Le décor, signé Cordelia de Castellane (Dior Maison), évite lui aussi le piège du spectaculaire : bois clair, rotin, textiles naturels, une palette qui tire vers les verts pâles et les beiges. L’ensemble évoque davantage une maison de vacances bien tenue qu’un beach club démonstratif.
C’est dans ce cadre que Kujten vient s’installer.

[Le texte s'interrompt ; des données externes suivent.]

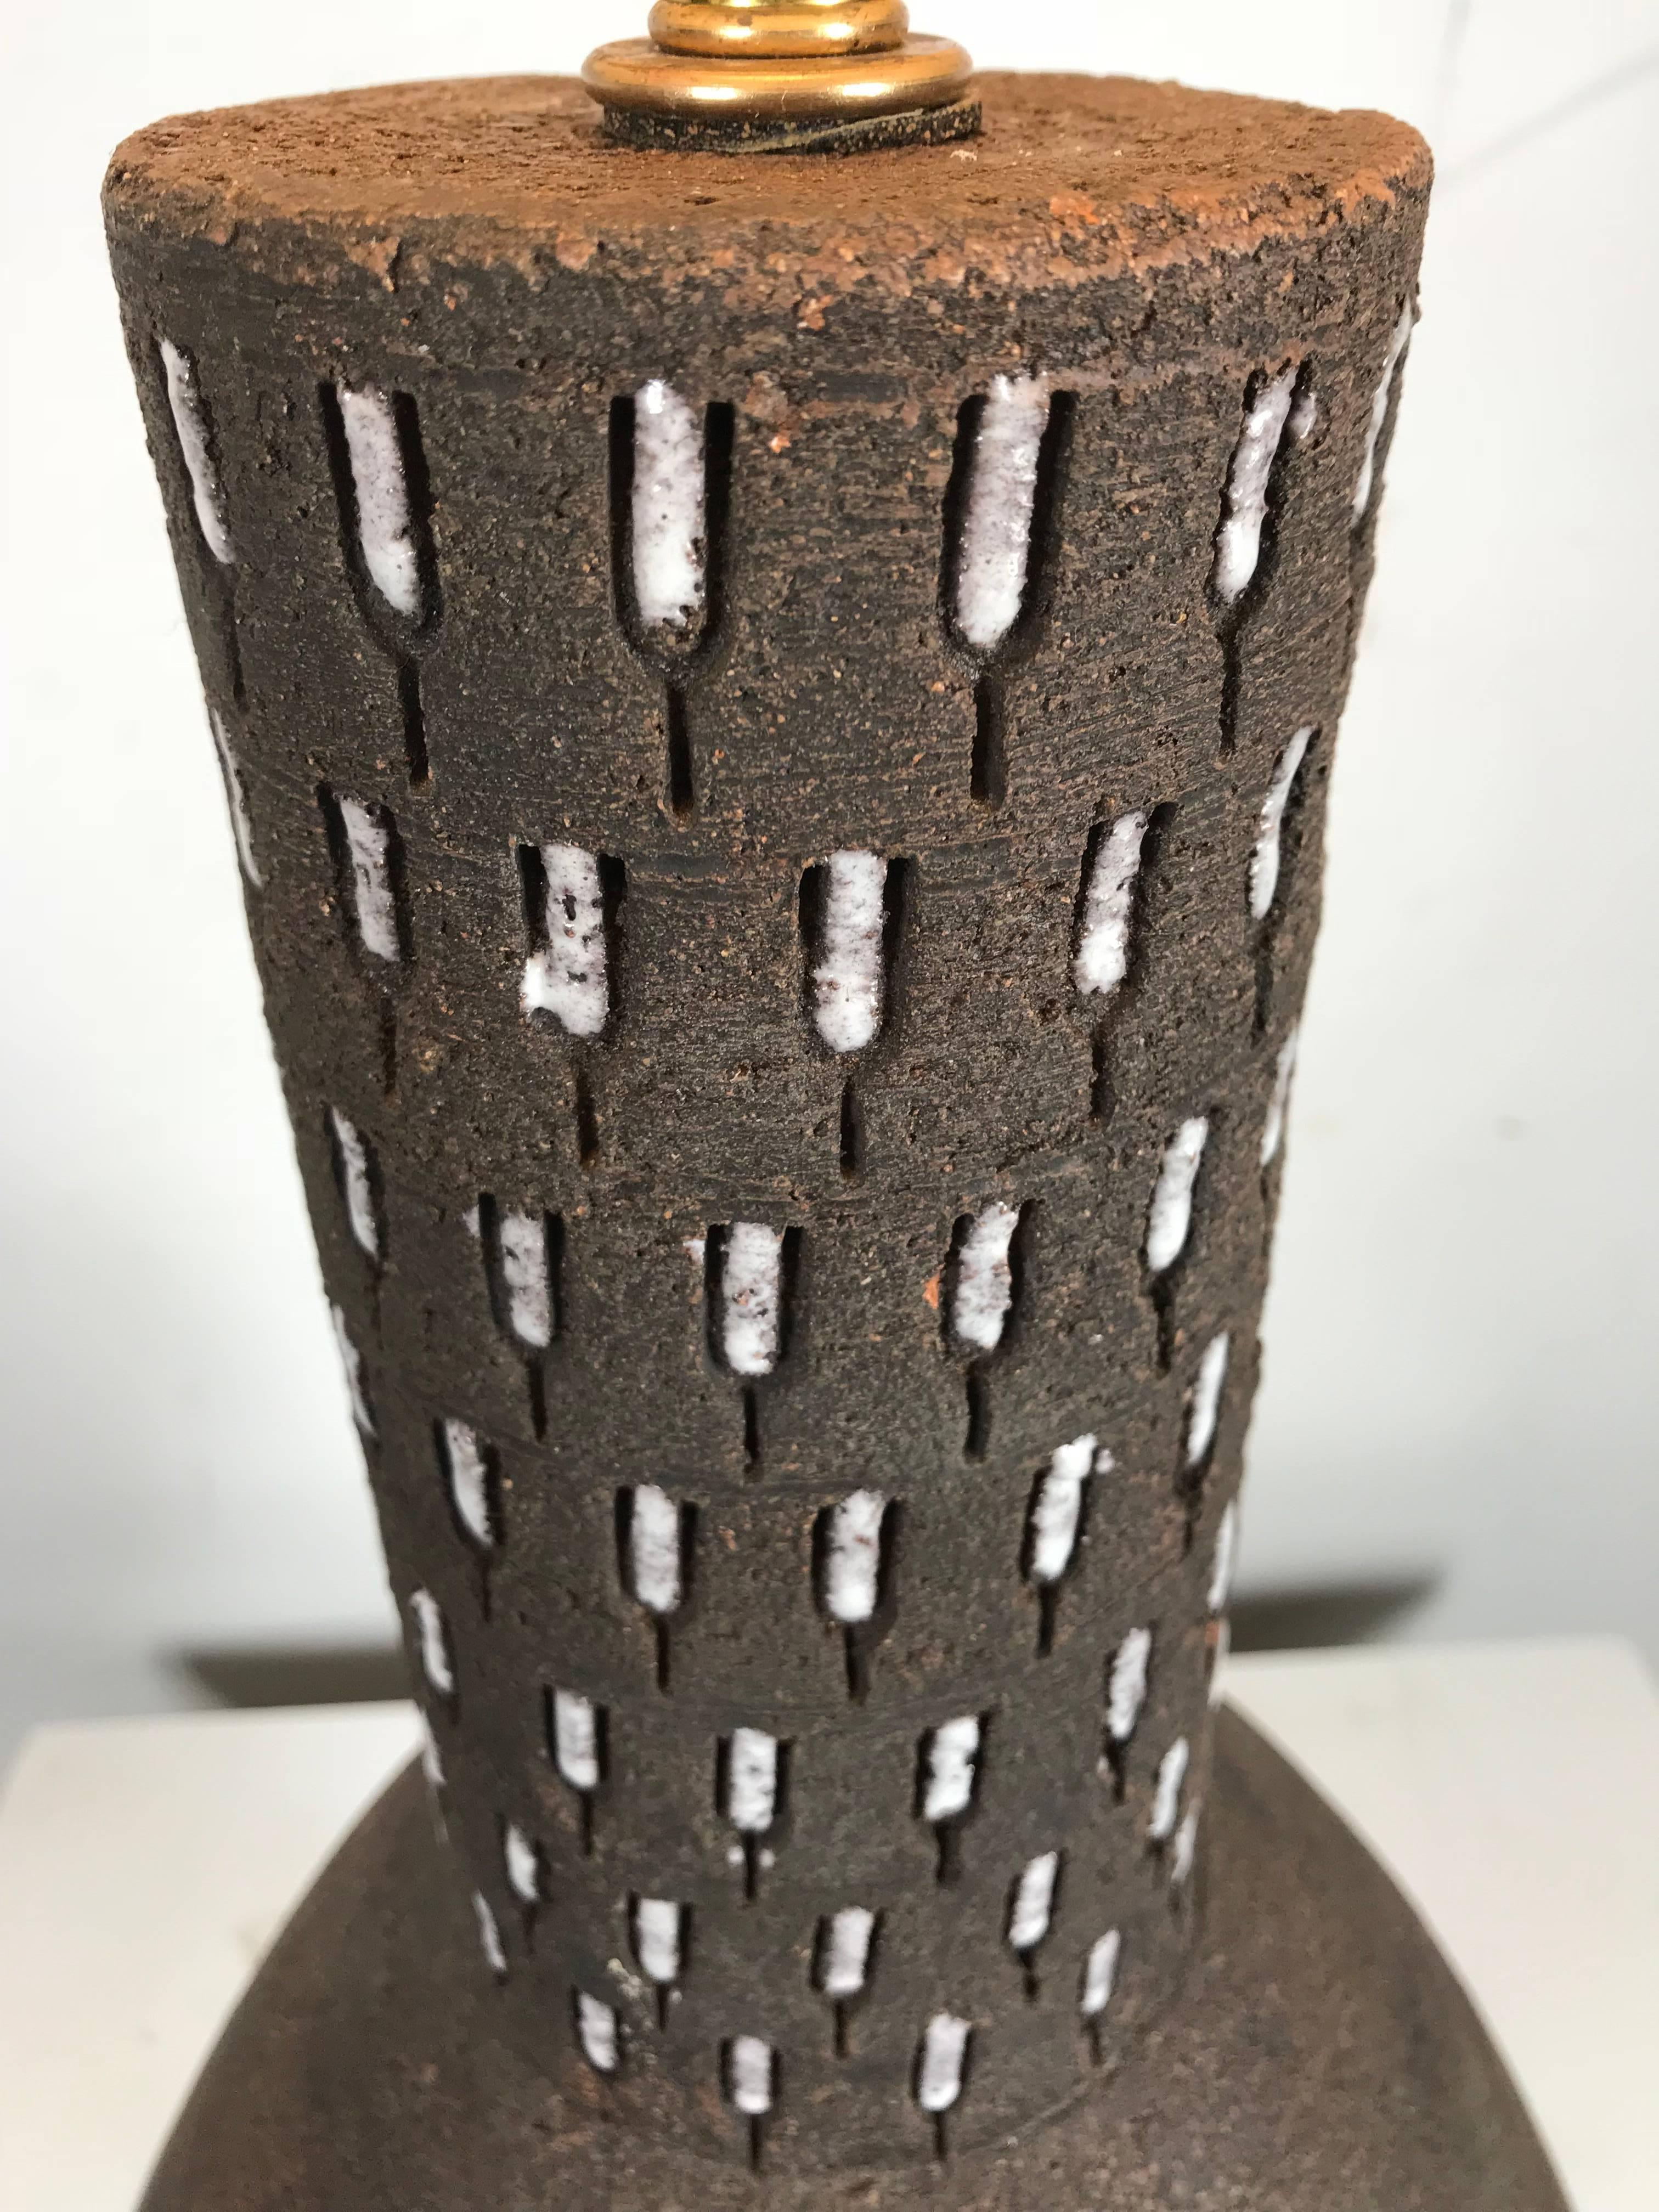 Elusive Lightolier Keramik und Messing Tischlampe, italienische Keramik zugeschrieben Gerald Thurston, atemberaubende modernistische dekorative italienische Keramik Gefäß auf atomisch geformten Messing Basis.

Fondée en 2012 par Carole Benaroya et Stéphanie Eriksson, la marque s’est construite sur un positionnement assez précis : du cachemire plus libre, moins classique, avec une attention particulière portée à la couleur. Le nom, Kujten, plus haut sommet de Mongolie, rappelle d’ailleurs l’origine de ses matières premières. Avant de lancer la marque, Benaroya travaillait dans la finance, Eriksson dans le prêt-à-porter (notamment chez Joseph pendant plus d’une décennie). Leur projet initial était simple : sortir le cachemire de son image un peu figée, sans tomber dans le luxe ostentatoire.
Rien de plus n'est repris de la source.